Classic conservative treatment of cerebrovascular insufficiency can be effective only in the early stages of the disease, when there are no occlusive lesions, and vascular stenosis is not pronounced. At later stages, transcatheter or reconstructive surgery is required [12]. There have recently appeared studies dedicated to successful use of transcranial laser radiation in the treatment of the consequences of ischemic stroke [13,14], cranial trauma and dementia [15-17]. These studies indicate a good neuroprotective effect of the treatment contributing to successful neurorehabilitation, but it should be noted that these treatments are also effective in the early, not severe stages of the disease. Reconstructive surgery is well-proven as far as extracranial vessels are concerned [18,19]. Due to the anatomical features and small diameter of the vessels, carrying out of similar operations on intracranial arterial bed is quite difficult. Implementation of extraintracranial arterial anastomosis is not always effective, and lately there have been disputes concerning the feasibility of such operations [20]. Transcatheter therapies, such as balloon angioplasty and stenting of various kinds, have proved well on extracranial brachiocephalic branches [21,22]. Such interventions on intracranial arteries are often performed in the acute period and are fulfilled within the proximal part of the channel [23,24]. Distal intracranial vascular branches, being of a small diameter, present certain difficulties in carrying out these procedures [25].

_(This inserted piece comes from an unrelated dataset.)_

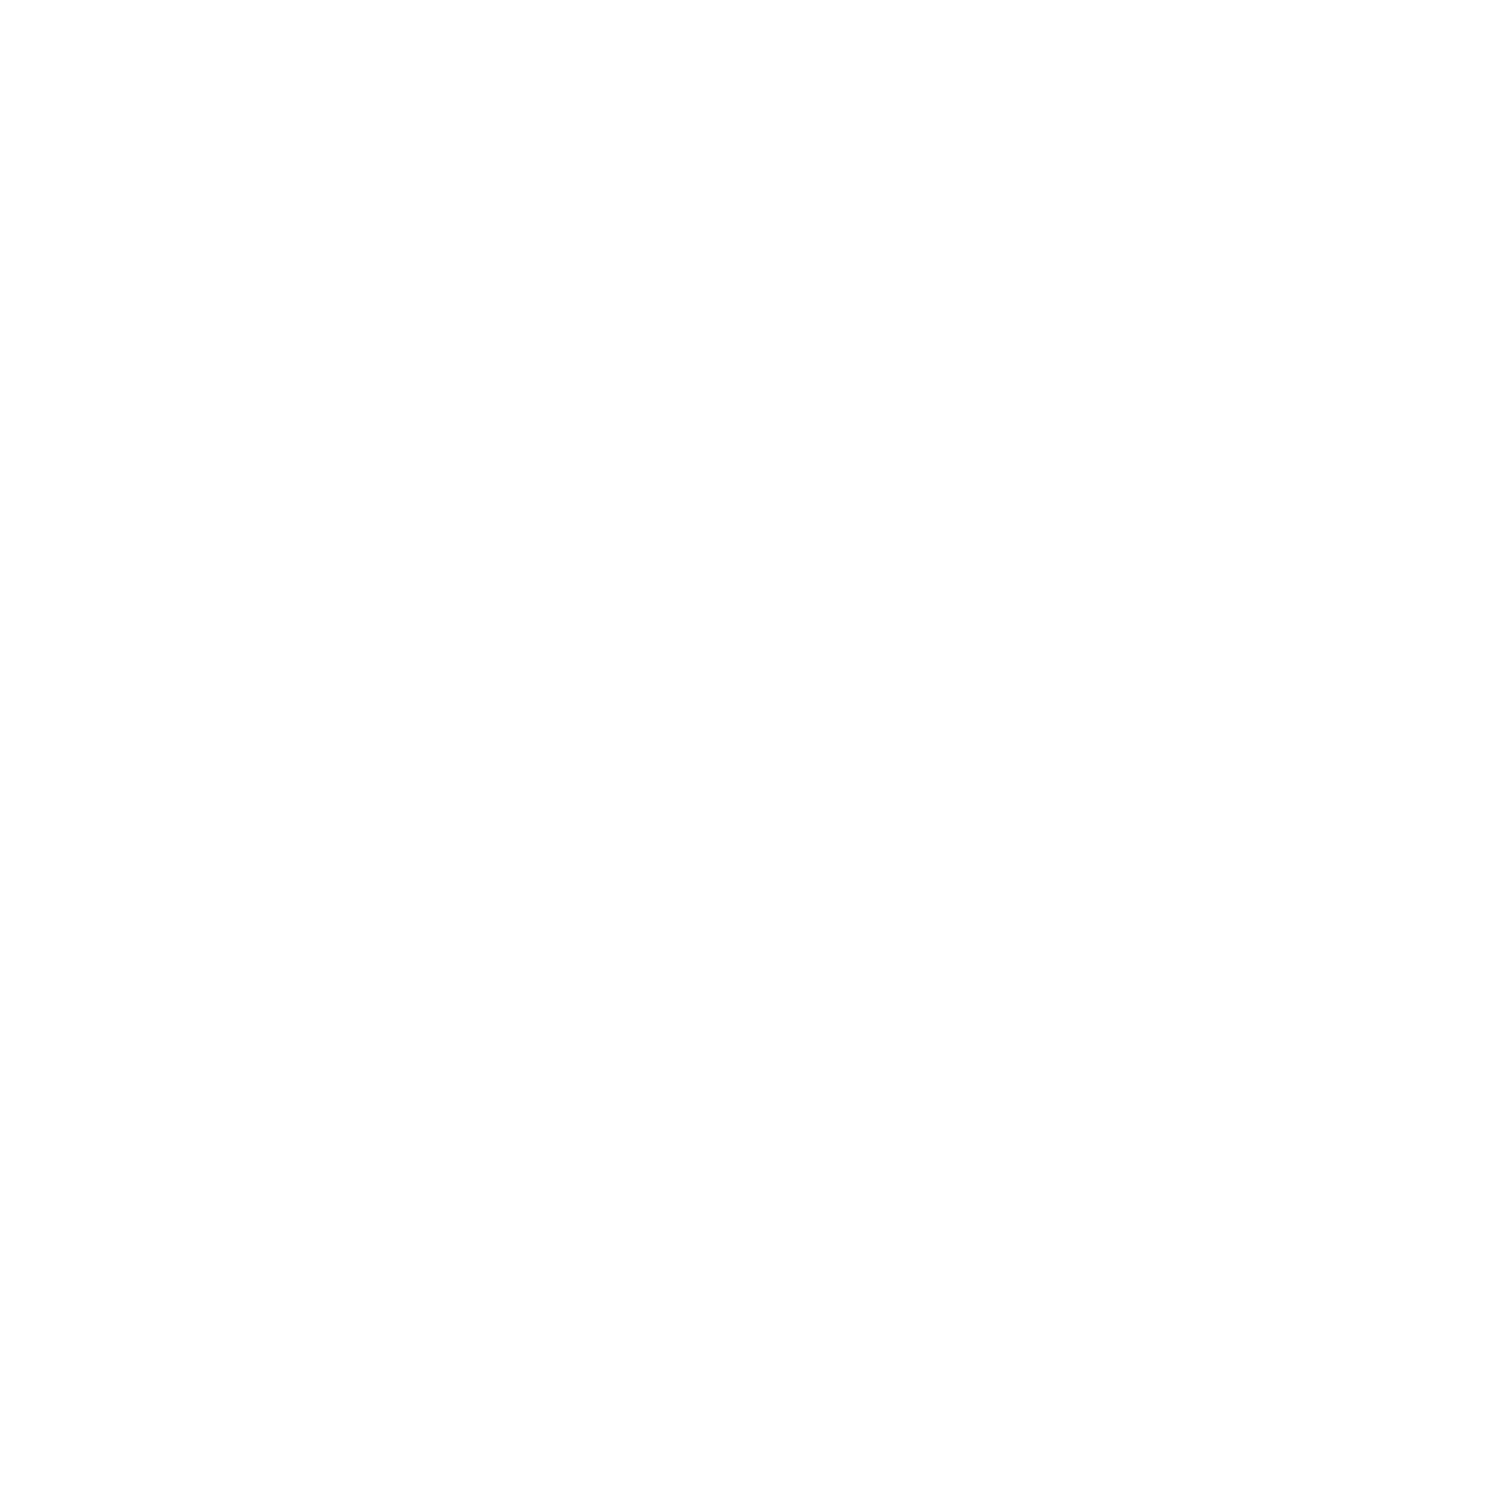 Royal Bank of Scotland logo pour fonds sombres (PNG transparent)

Consequently, there remains a need to develop new integrated transcatheter methods of treatment of atherosclerotic lesions of the brain. The present study investigates the possibility of recovery of cerebral arterial channel in patients with advanced atherosclerosis of the brain by means of transcatheter laser revascularization method, and evaluation of mental disorders reduction and cognitive and motor functions recovery of these patients in the near and long-term period after the treatment.
All the studies and all transcatheter interventions have been carried out with the approval of the Ethics Committee, as well as with the consent of the examined and treated patients and their relatives.

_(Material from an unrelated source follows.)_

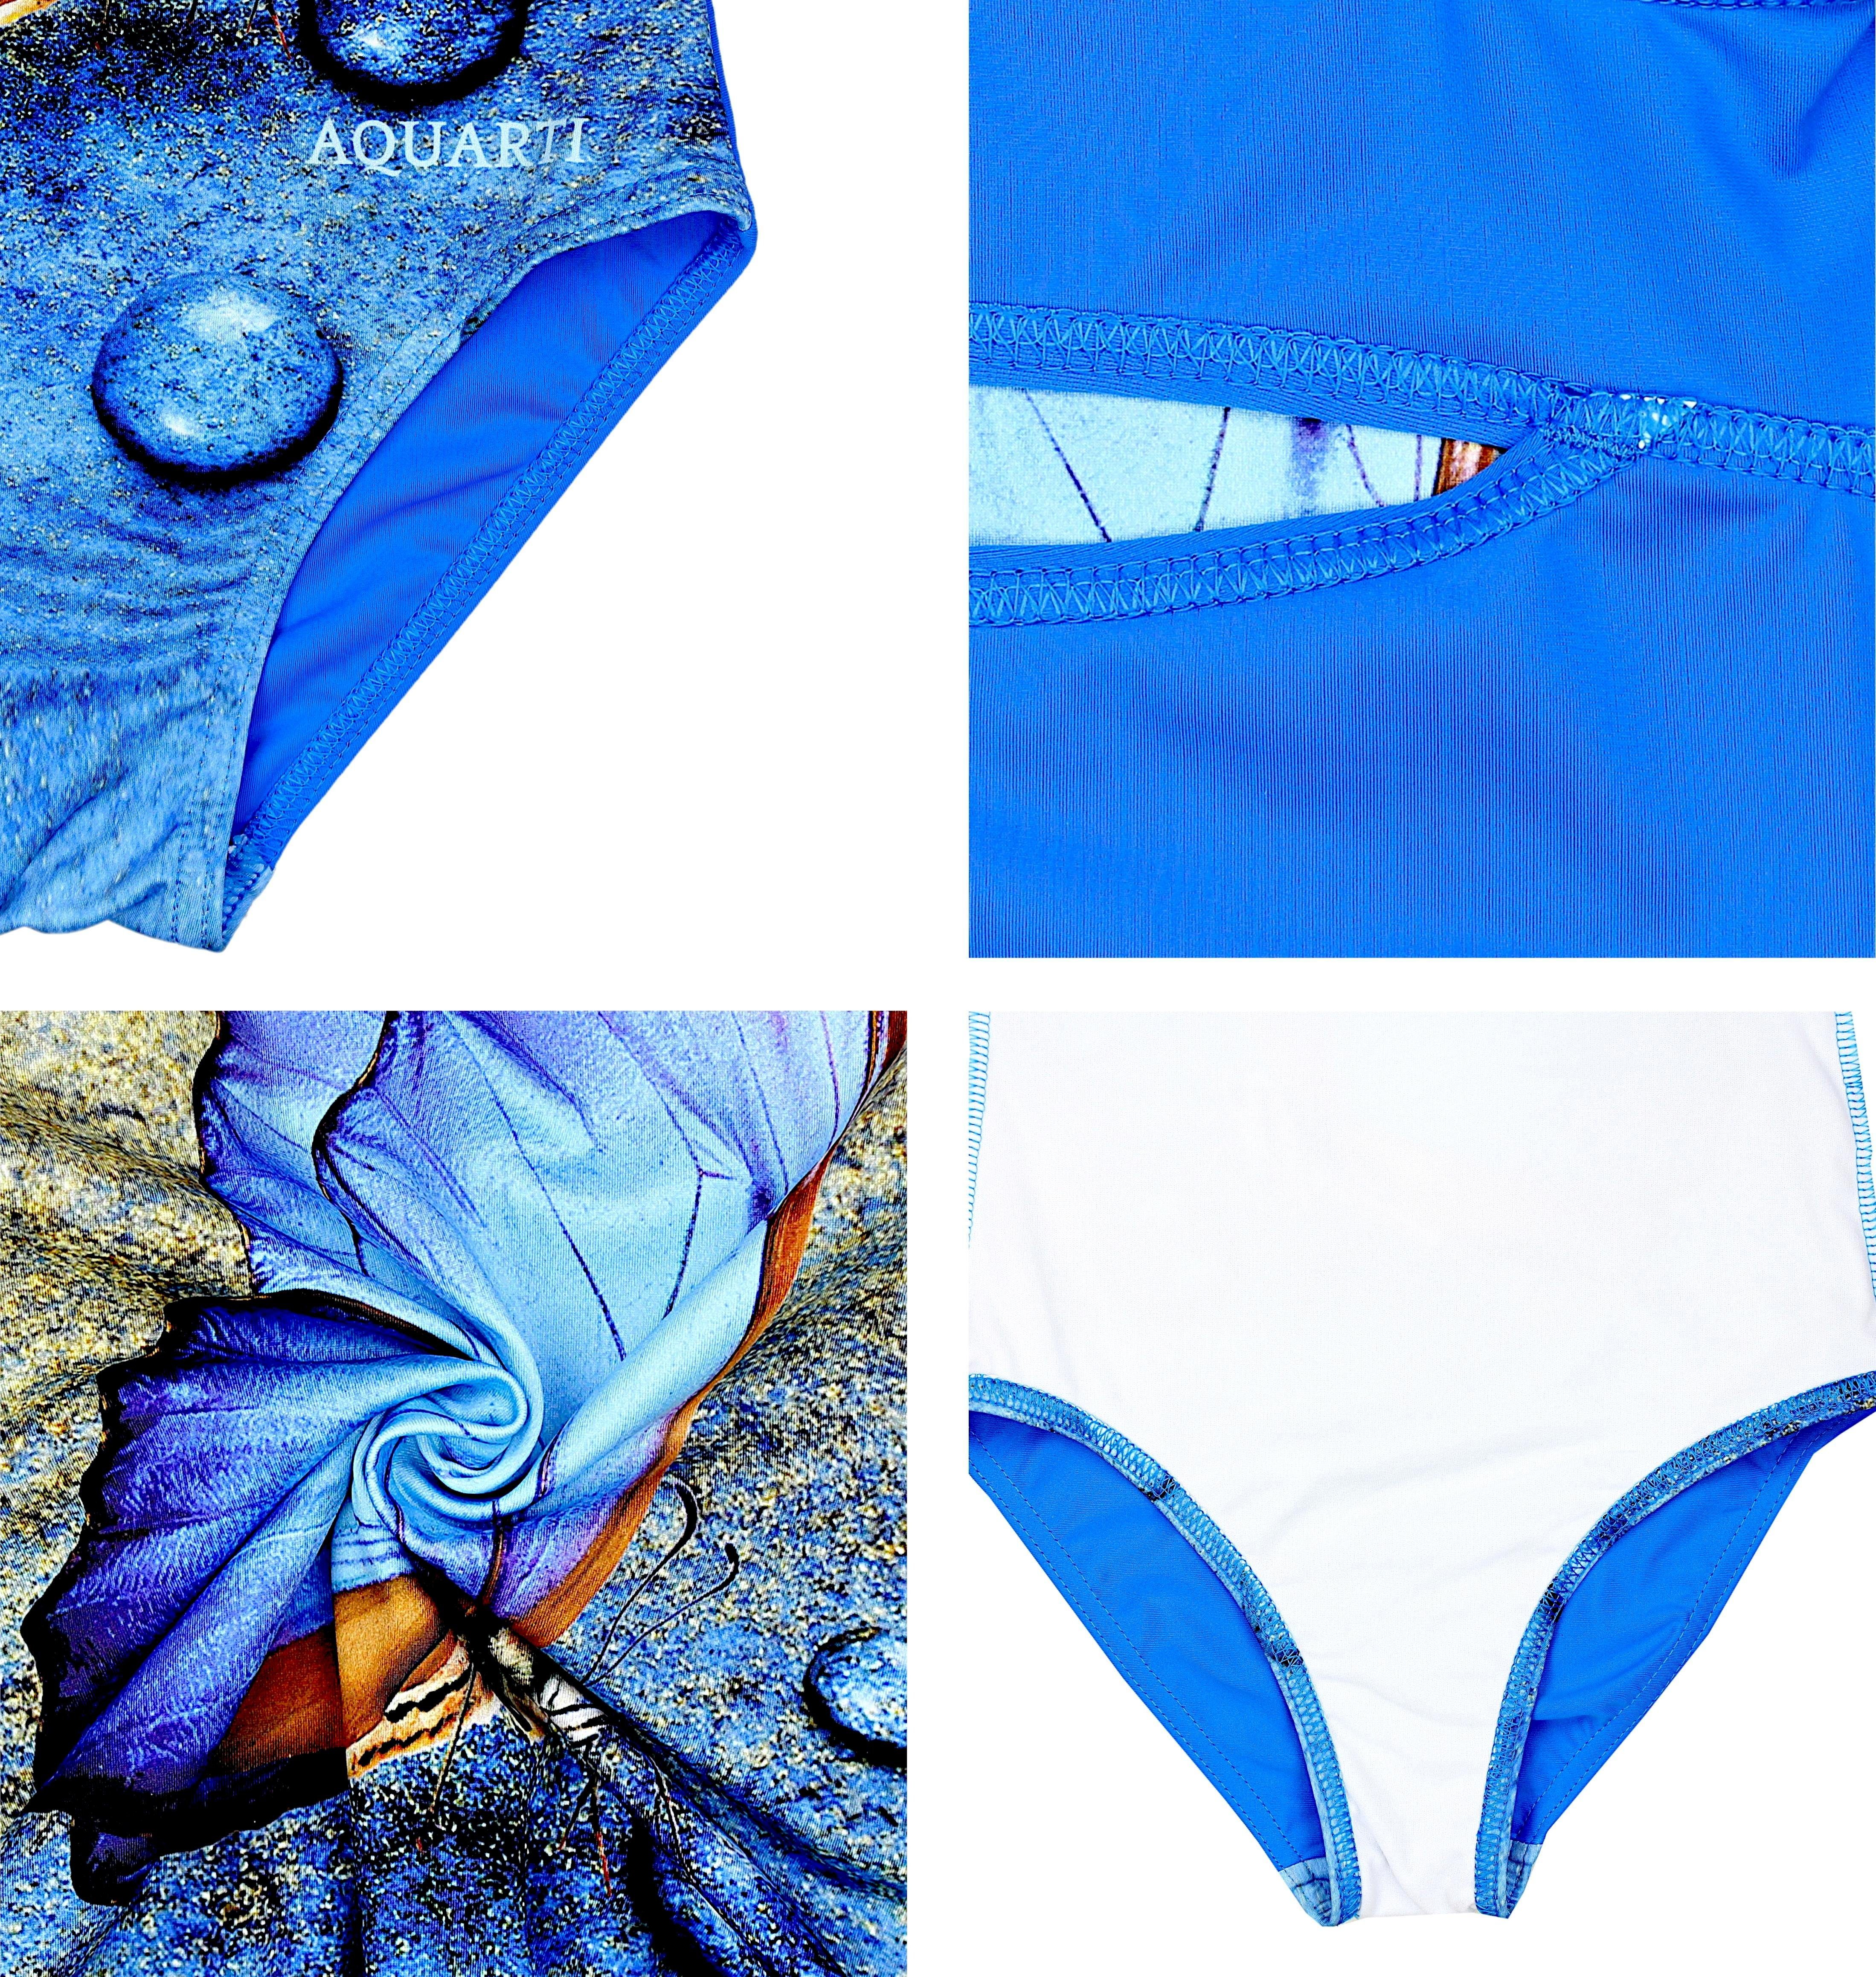 Aquarti Badeanzug / Badeanzug Aquarti Ringerrücken mit Schmetterling Print Mädchen Gelb Blau

We examined 974 patients aged from 29-81 (average age 74) suffering from various types of atherosclerotic lesions of cerebral vessels, of whom 722 were male (74.13%) and 25-female (25.87%) patients.
The examination plan included assessment of the severity of dementia (CDR), assessment of cognitive impairment (MMSE), evaluation of the activities of daily living (IB), cerebral scintigraphy (SG), rheoencephalography (REG), cerebral computed tomography (CT), cerebral magnetic resonance imaging (MRI), cerebral magnetic resonance angiography (MRA), cerebral multi-gated angiography (MUGA).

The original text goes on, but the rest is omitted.